> What you should do: The lines below, from the one holding "Great Mosque Kairouan" through the final line, are to be copied exactly, with no other lines and no pictures.

> The data:
——————————

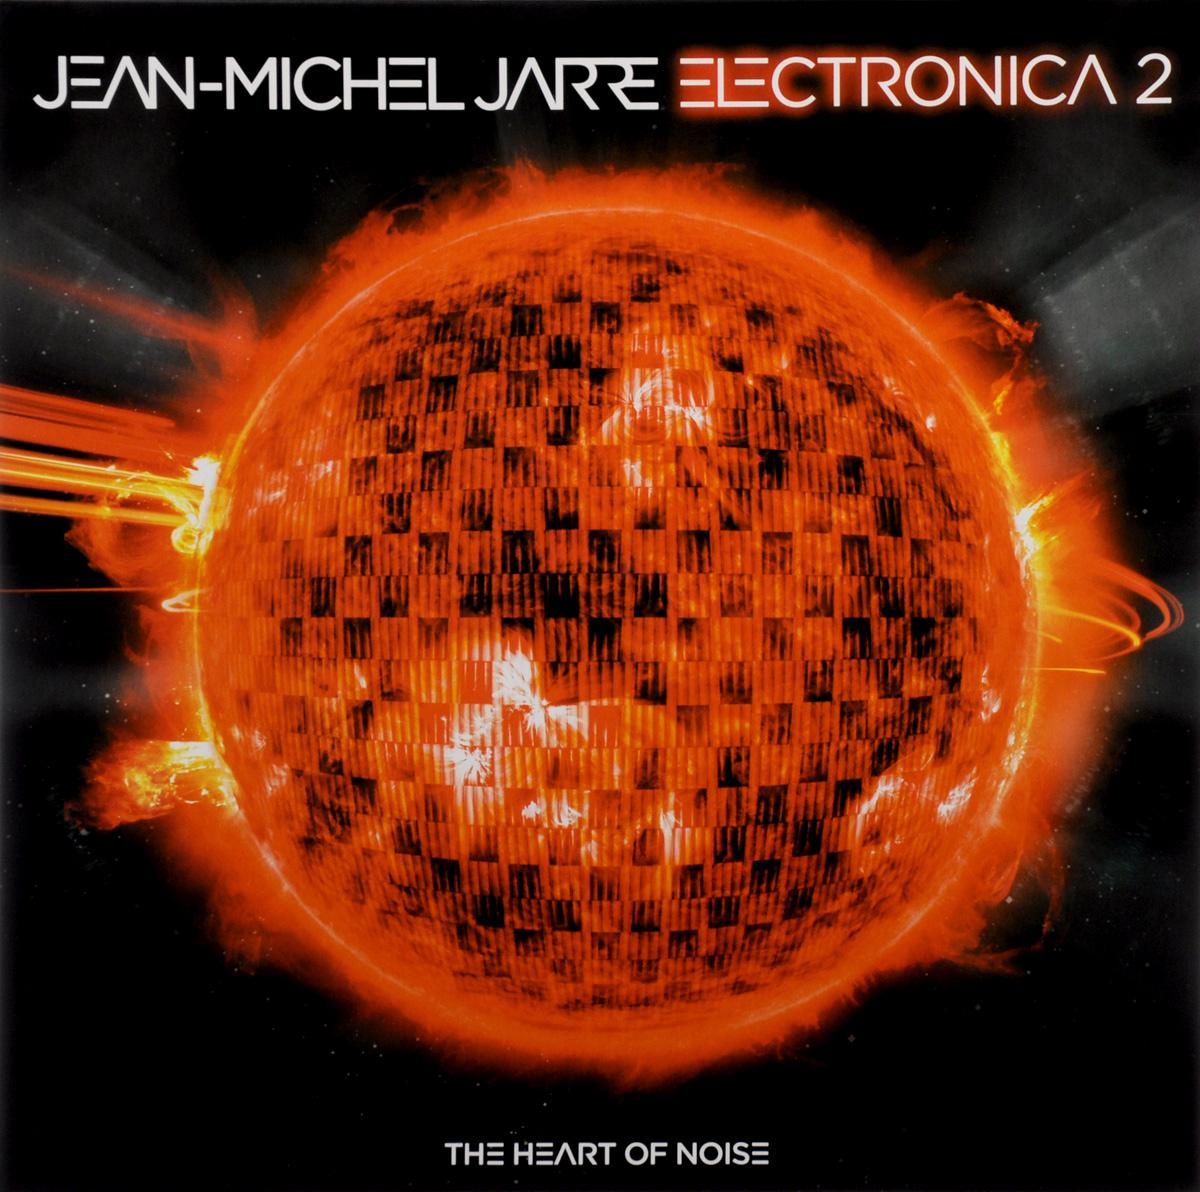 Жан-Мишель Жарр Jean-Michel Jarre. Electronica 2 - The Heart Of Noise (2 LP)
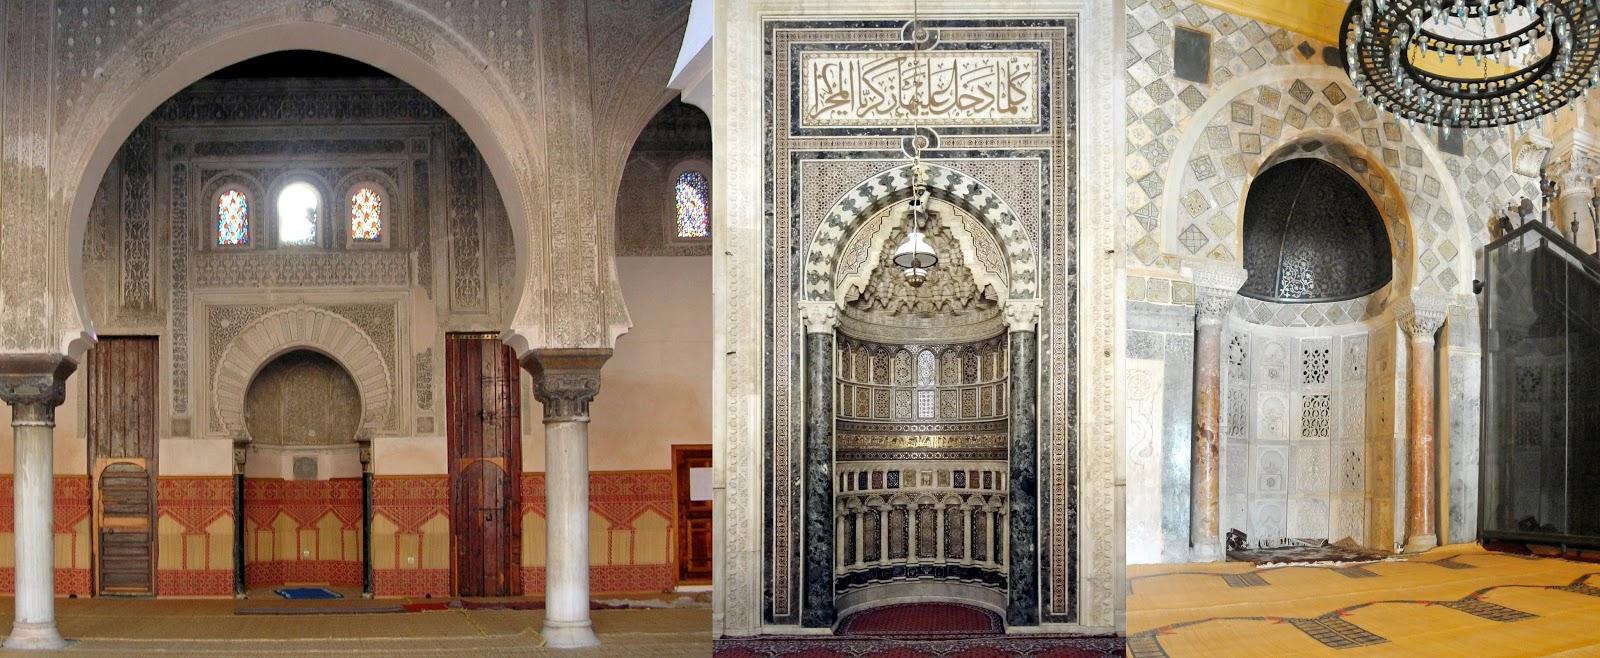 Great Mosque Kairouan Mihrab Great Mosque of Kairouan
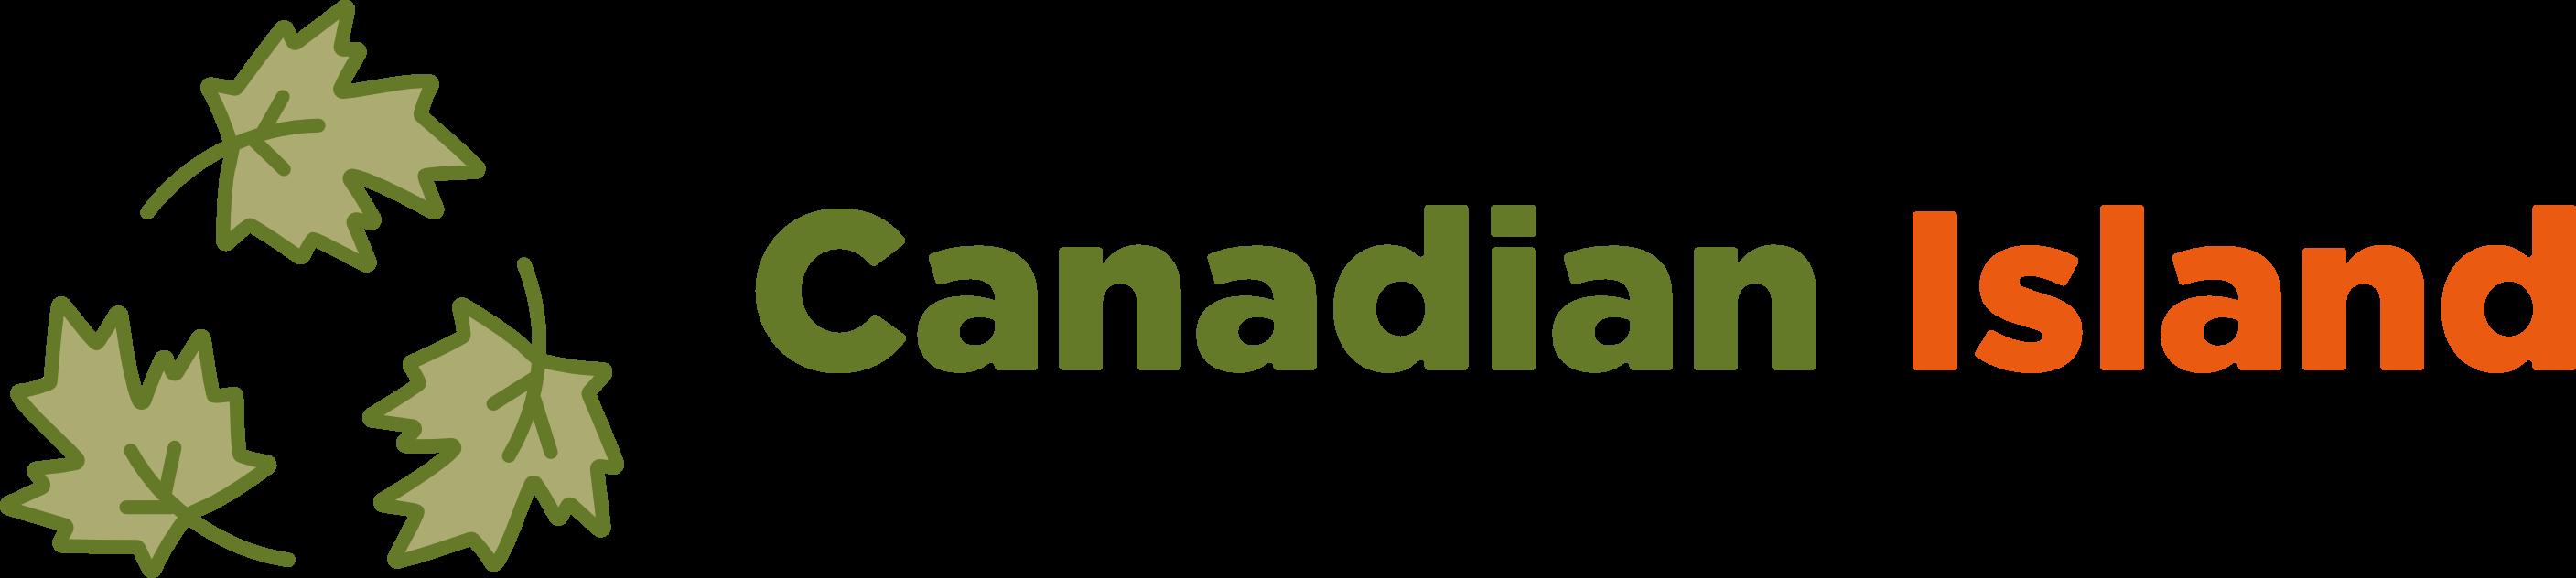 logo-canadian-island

——————————

> Expected answer:
 Great Mosque Kairouan Mihrab Great Mosque of Kairouan
 logo-canadian-island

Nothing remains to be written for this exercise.